## EXERCISE DIRECTIONS
Apart from the images, output the data below exactly.

═════ DATA BELOW

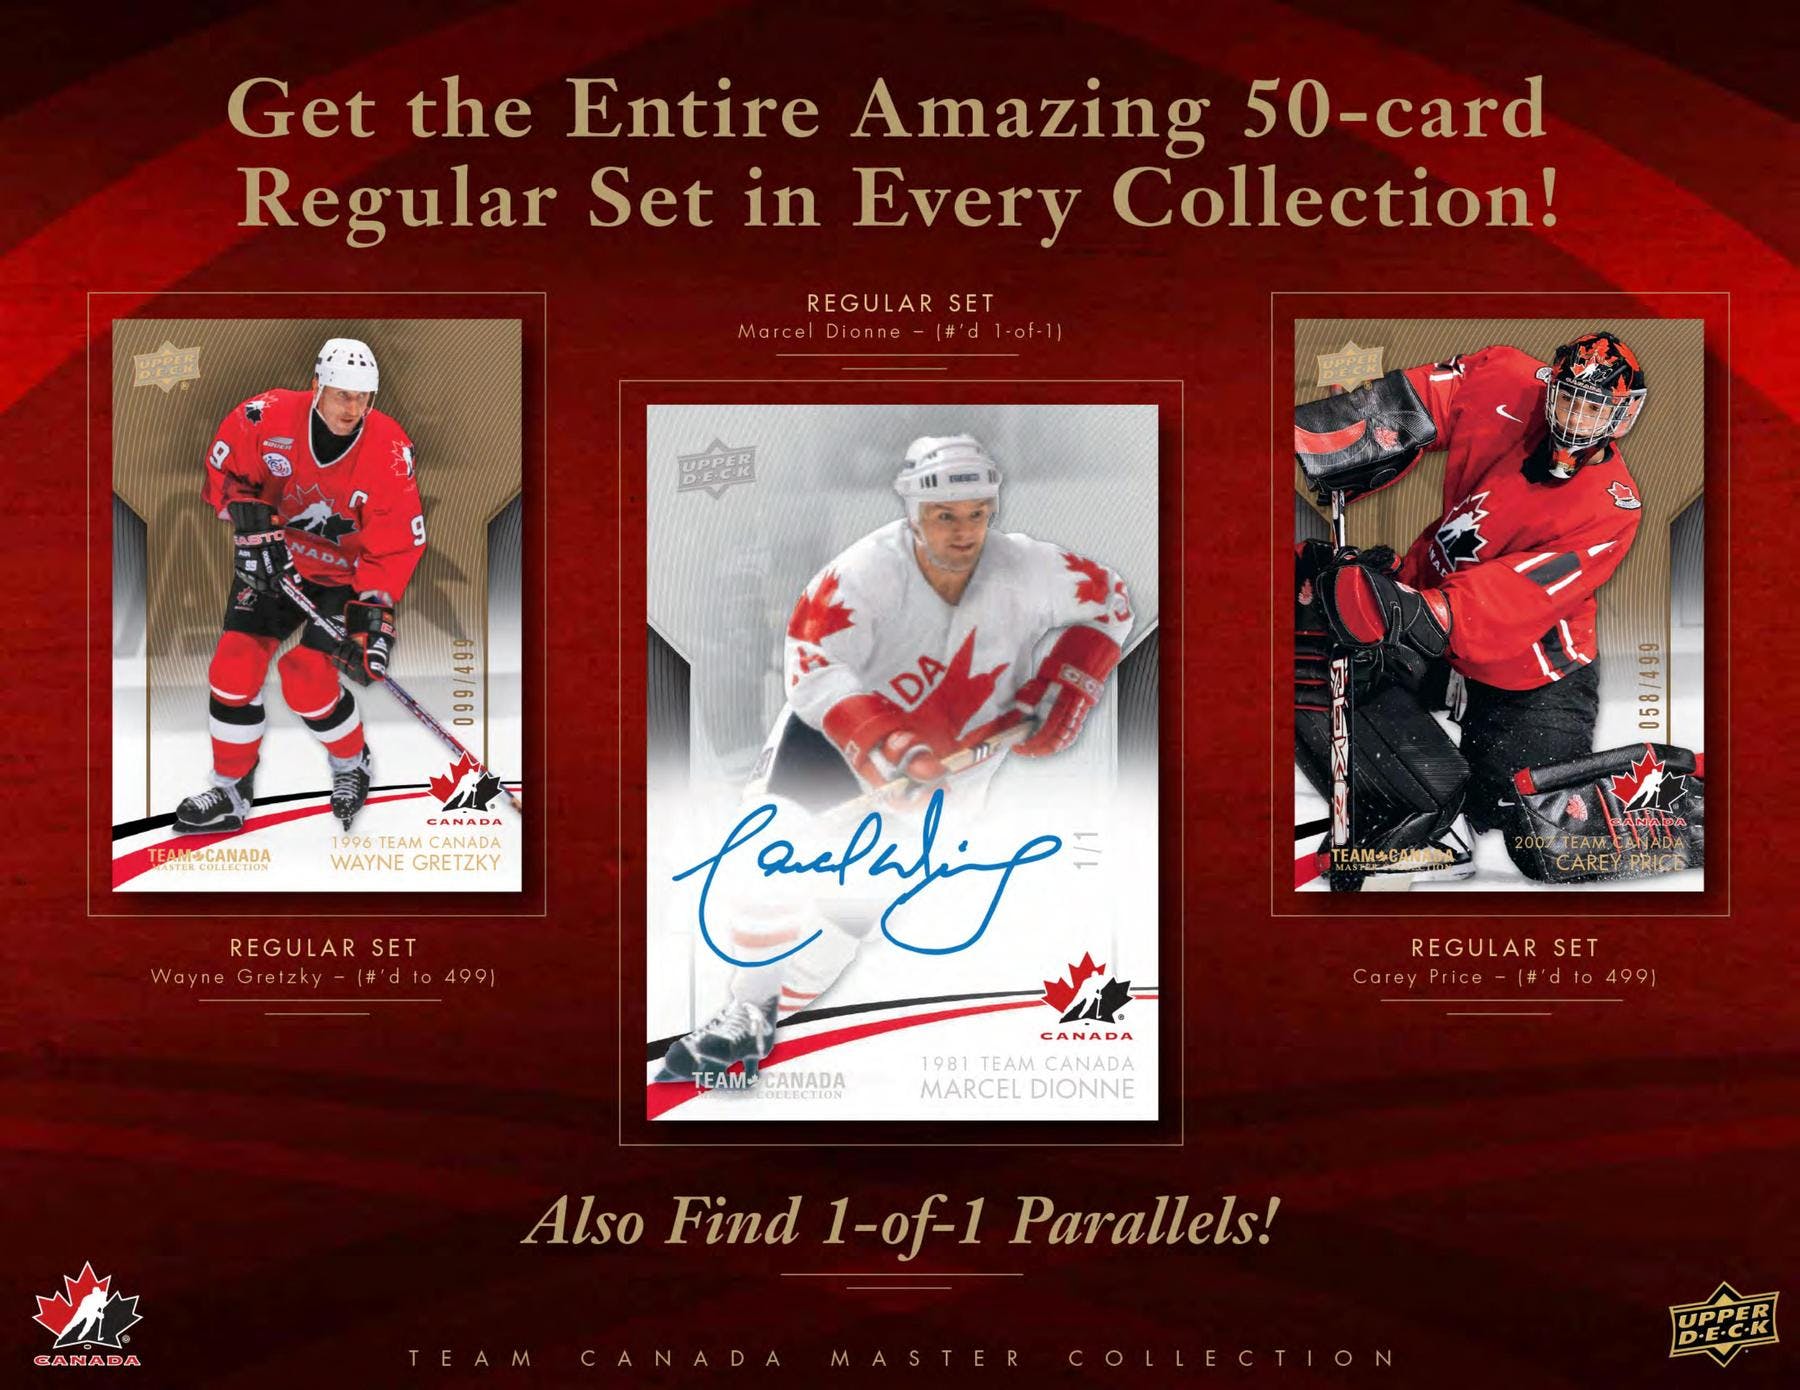 2015-16 Upper Deck Team Canada Master Collection | Eastridge Sports Cards
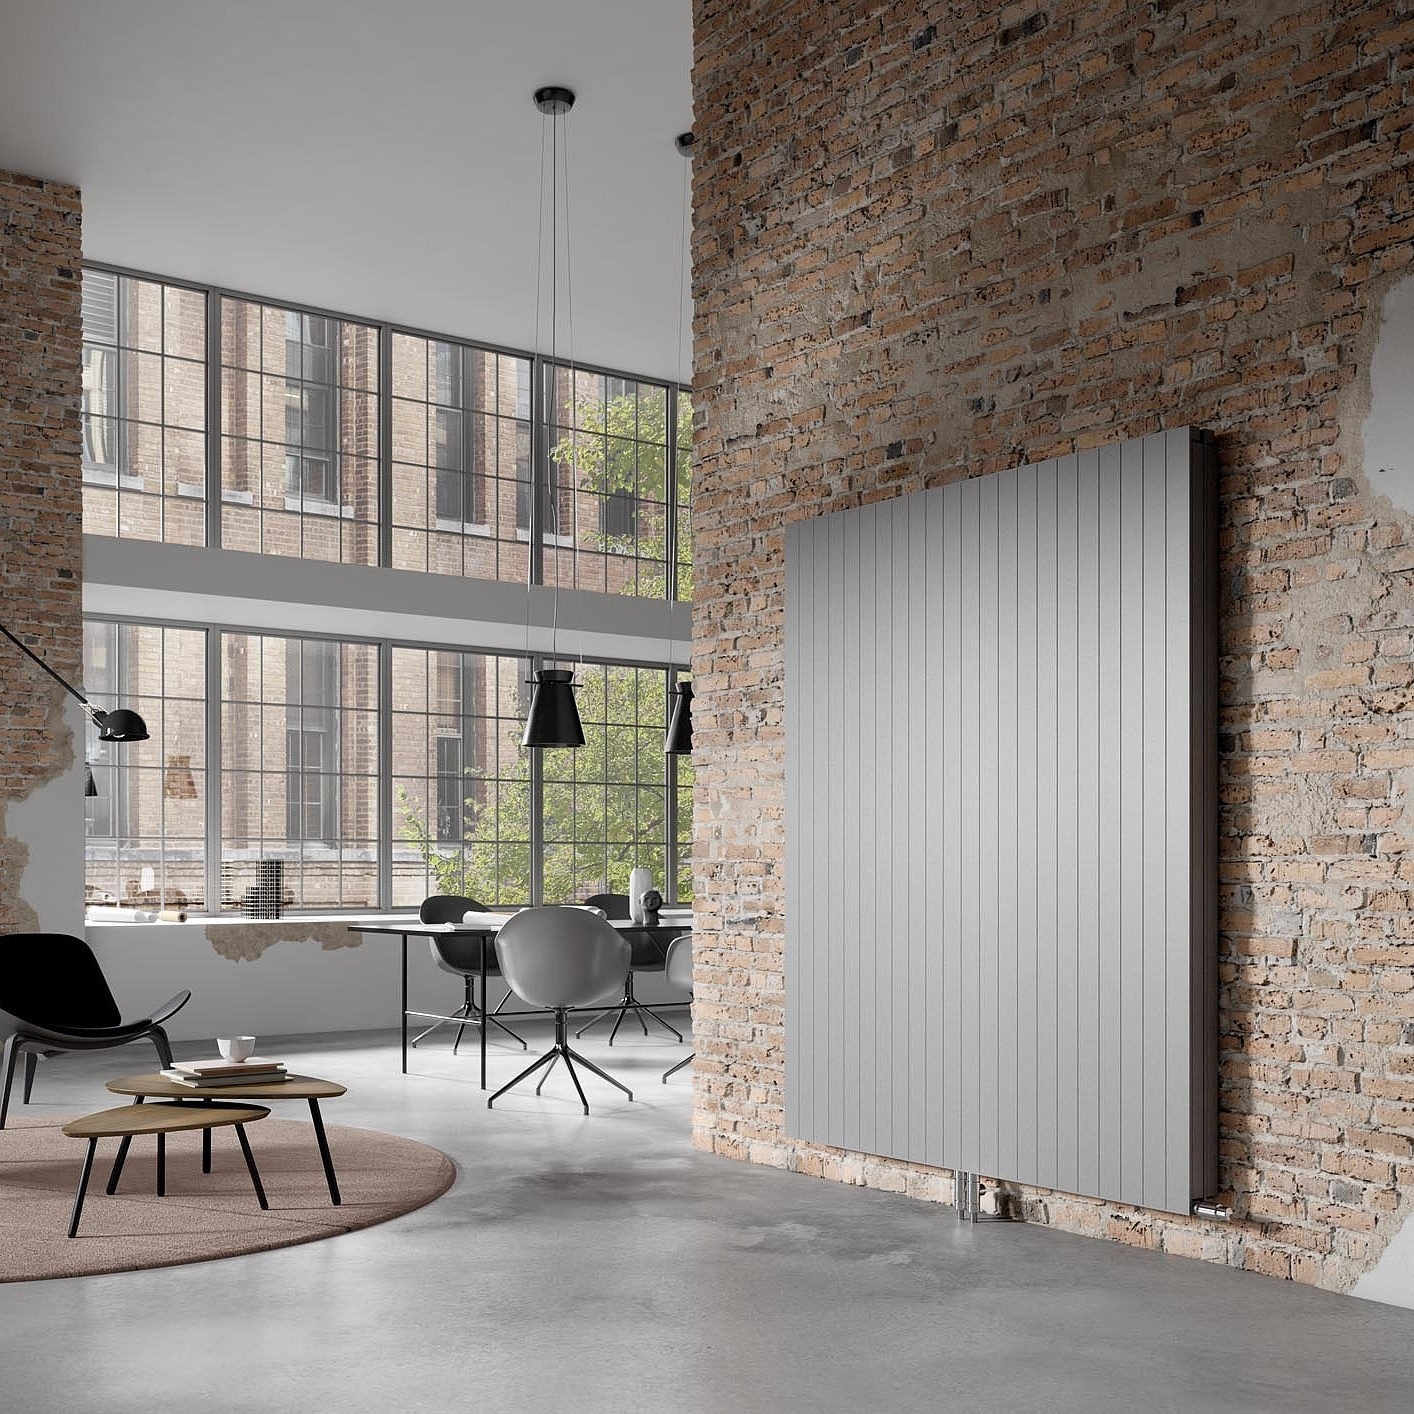 Kermi valve heating panel – for discerning looks and ultimate thermal comfort.
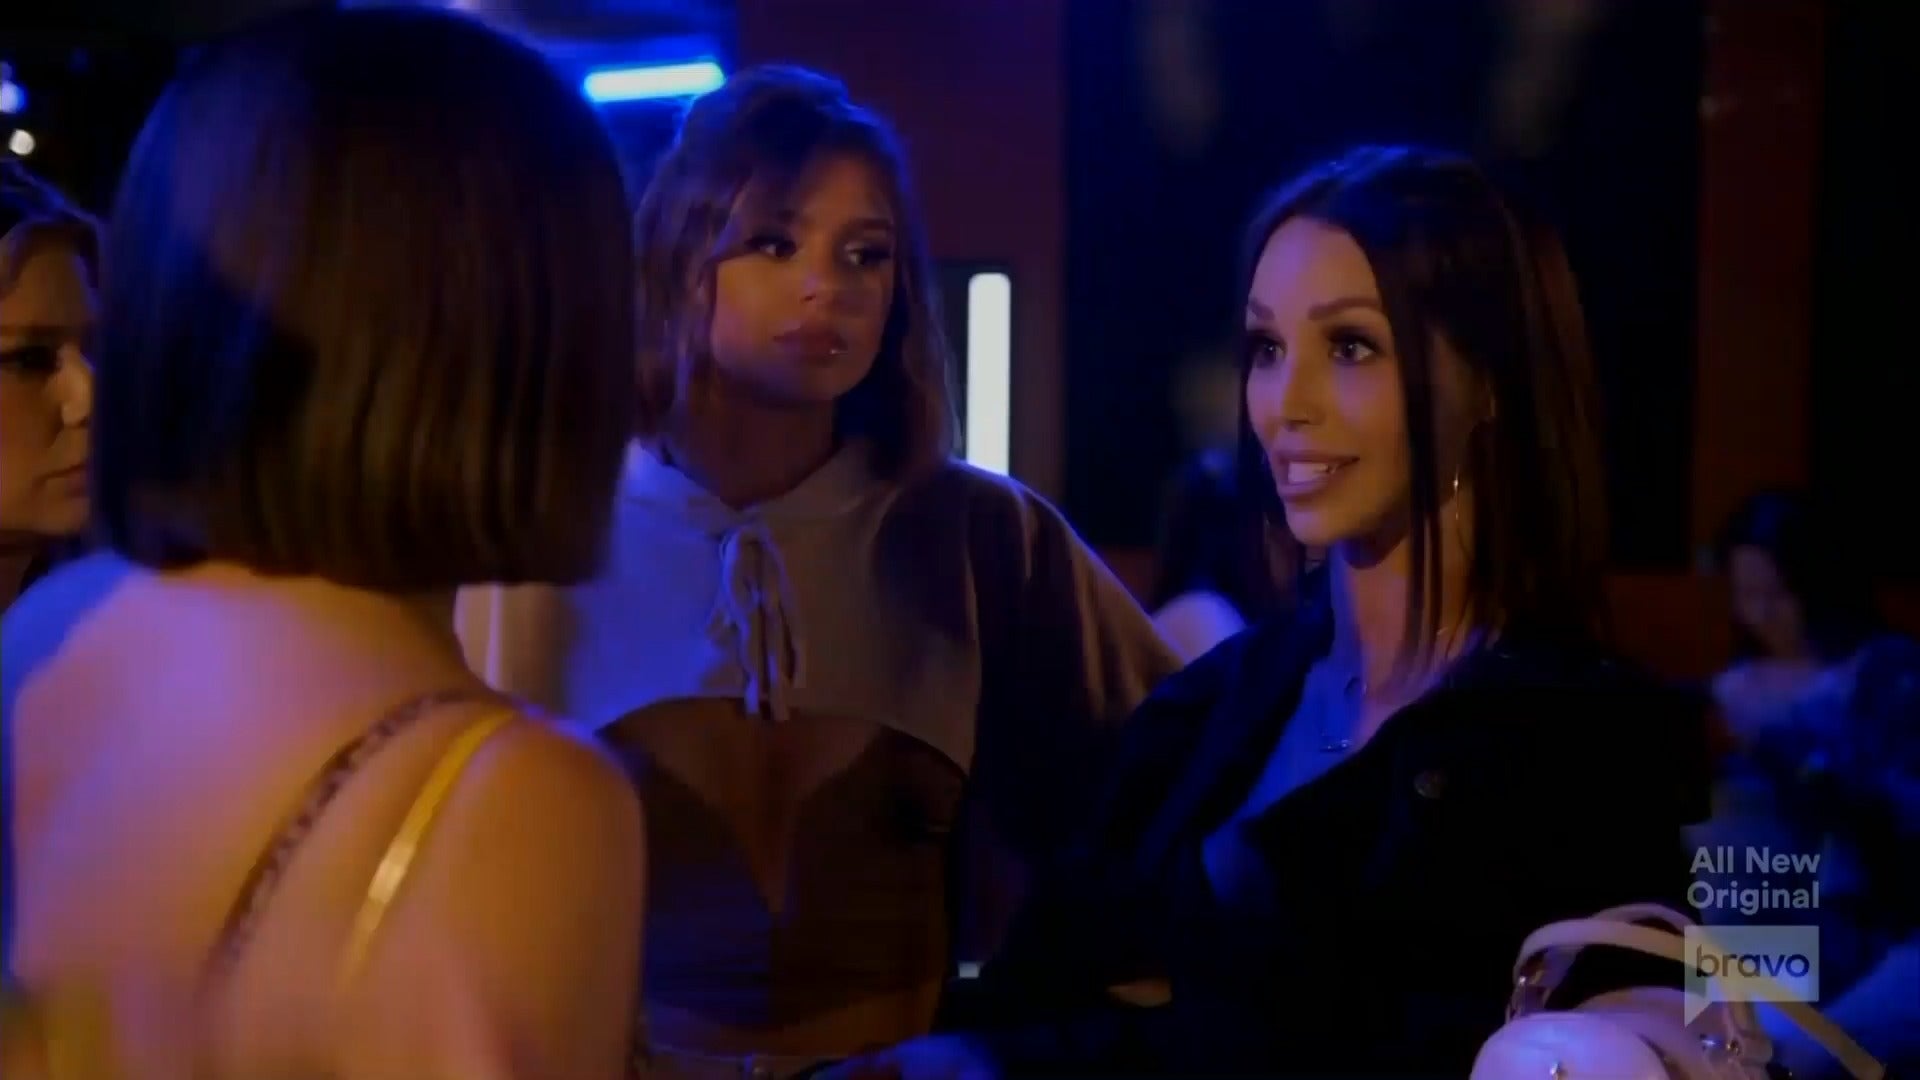 Vanderpump Rules Scheana Shay Tears Up Over Katie Maloney Promising to Watch Her World Burn (Exclusive) Entertainment Tonight

══════════

## ANSWER
 2015-16 Upper Deck Team Canada Master Collection | Eastridge Sports Cards
 Kermi valve heating panel – for discerning looks and ultimate thermal comfort.
 Vanderpump Rules Scheana Shay Tears Up Over Katie Maloney Promising to Watch Her World Burn (Exclusive) Entertainment Tonight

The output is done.